DATA SEGMENT |
________________

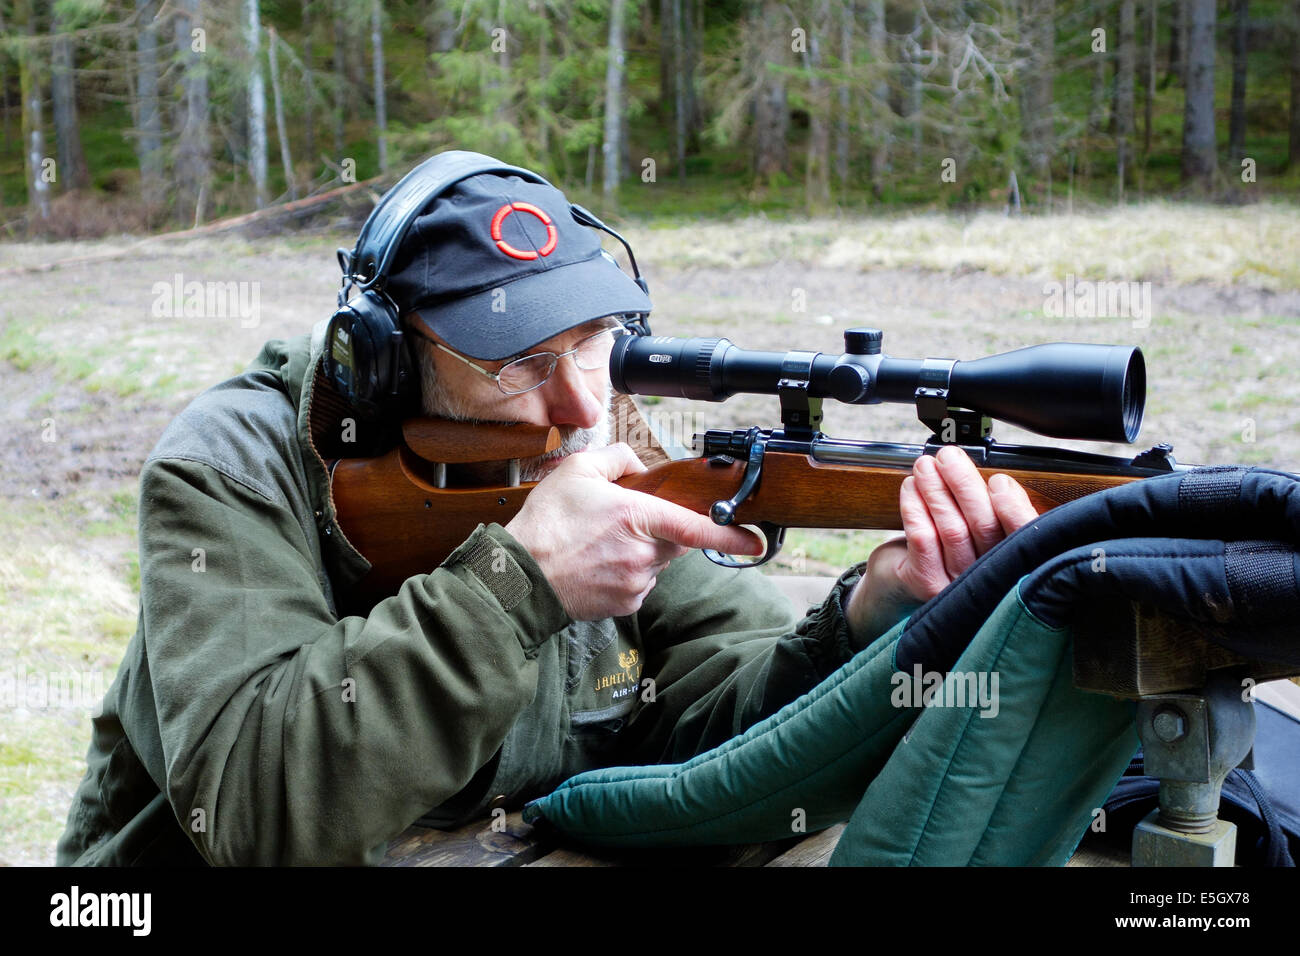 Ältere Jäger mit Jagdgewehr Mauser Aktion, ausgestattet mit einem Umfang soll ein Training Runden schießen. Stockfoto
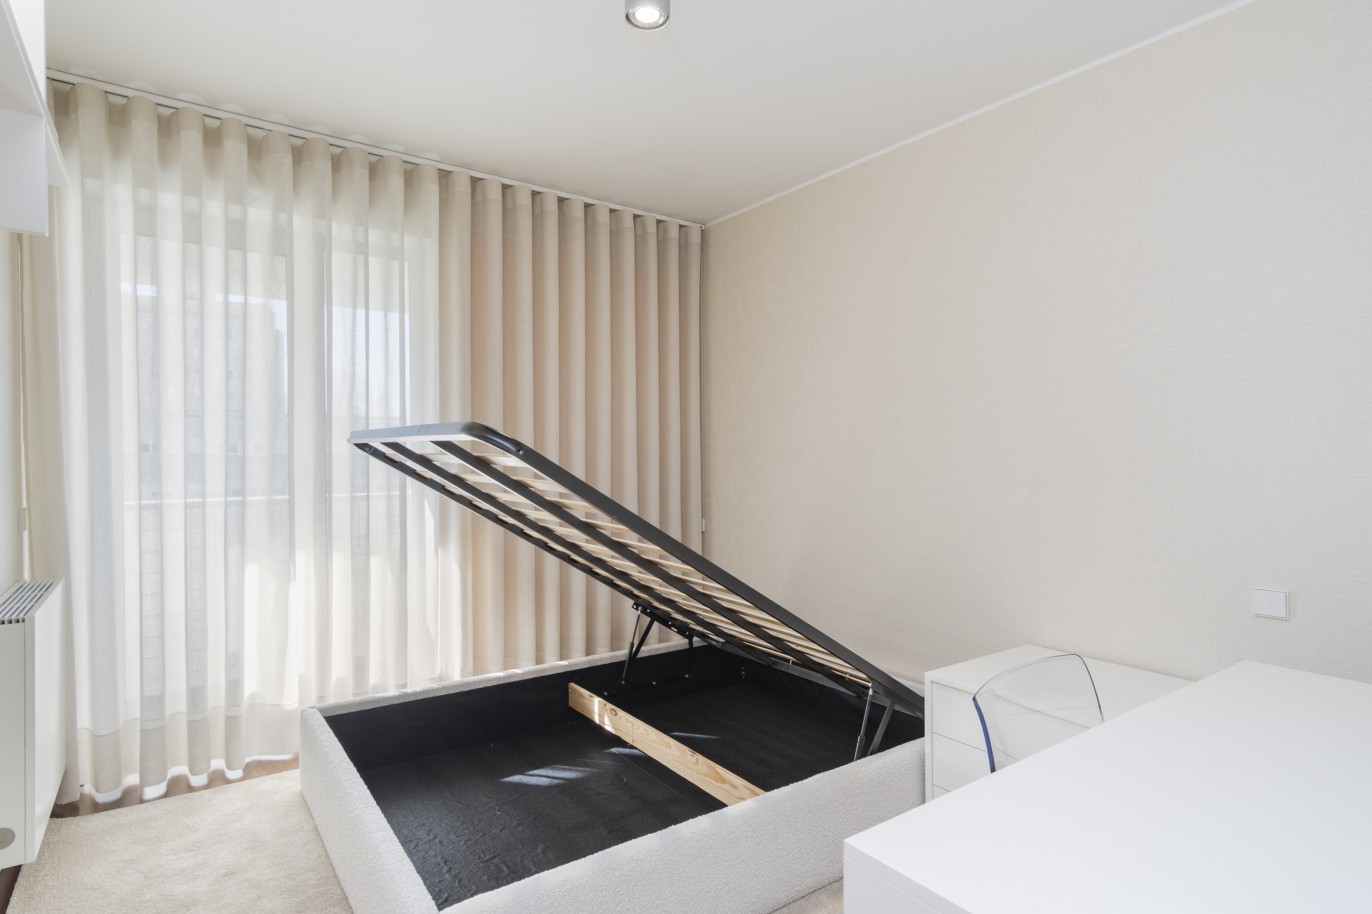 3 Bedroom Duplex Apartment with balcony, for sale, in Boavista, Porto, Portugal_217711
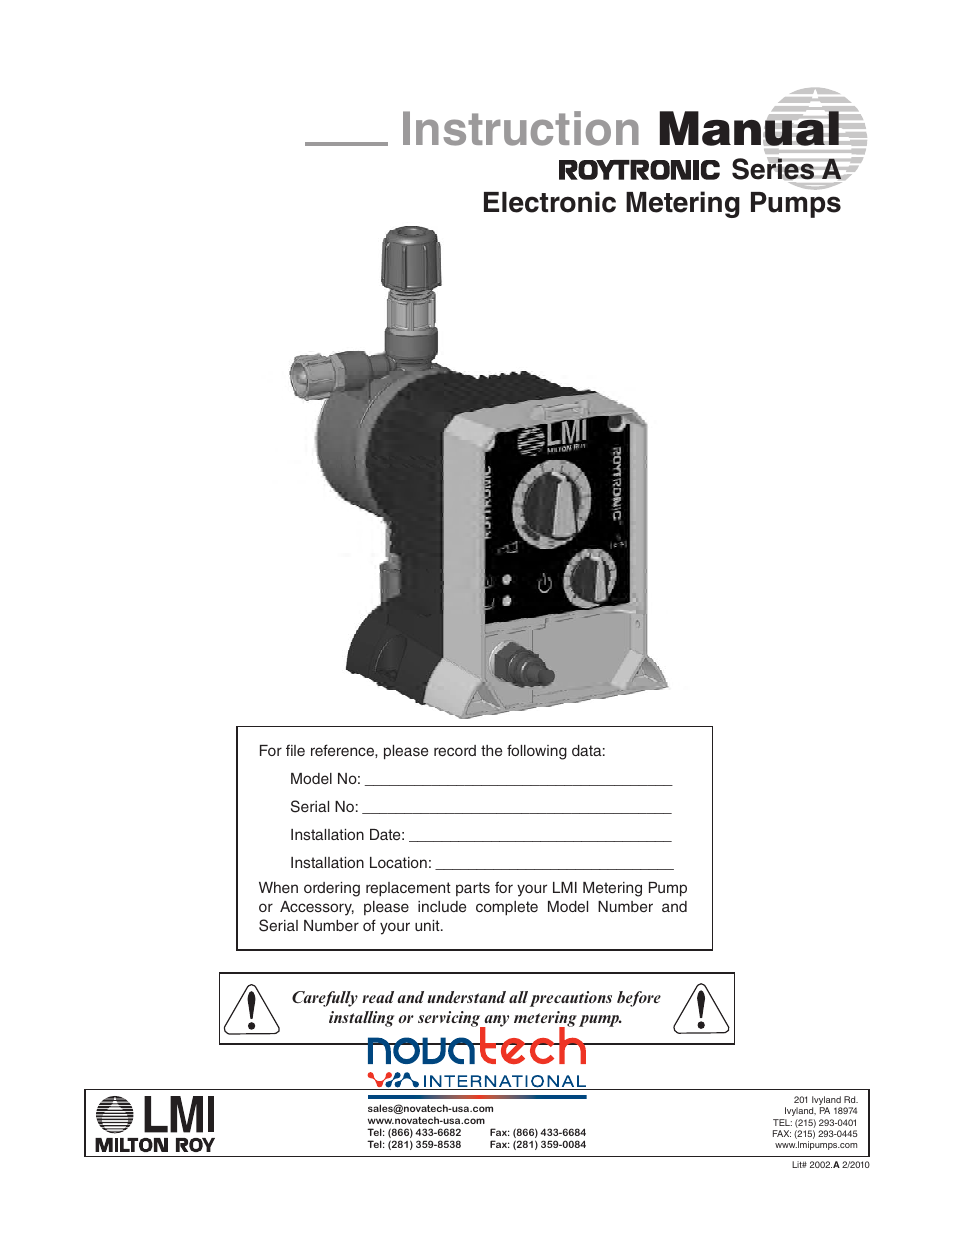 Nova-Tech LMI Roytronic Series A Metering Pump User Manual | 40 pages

________________

DIRECTIONS FOR THIS TASK | Working from the line containing "3 Bedroom Duplex" to the last line of the data, retype every line exactly, both ends included, and leave out all pictures.

ANSWER BELOW |
 3 Bedroom Duplex Apartment with balcony, for sale, in Boavista, Porto, Portugal_217711
 Nova-Tech LMI Roytronic Series A Metering Pump User Manual | 40 pages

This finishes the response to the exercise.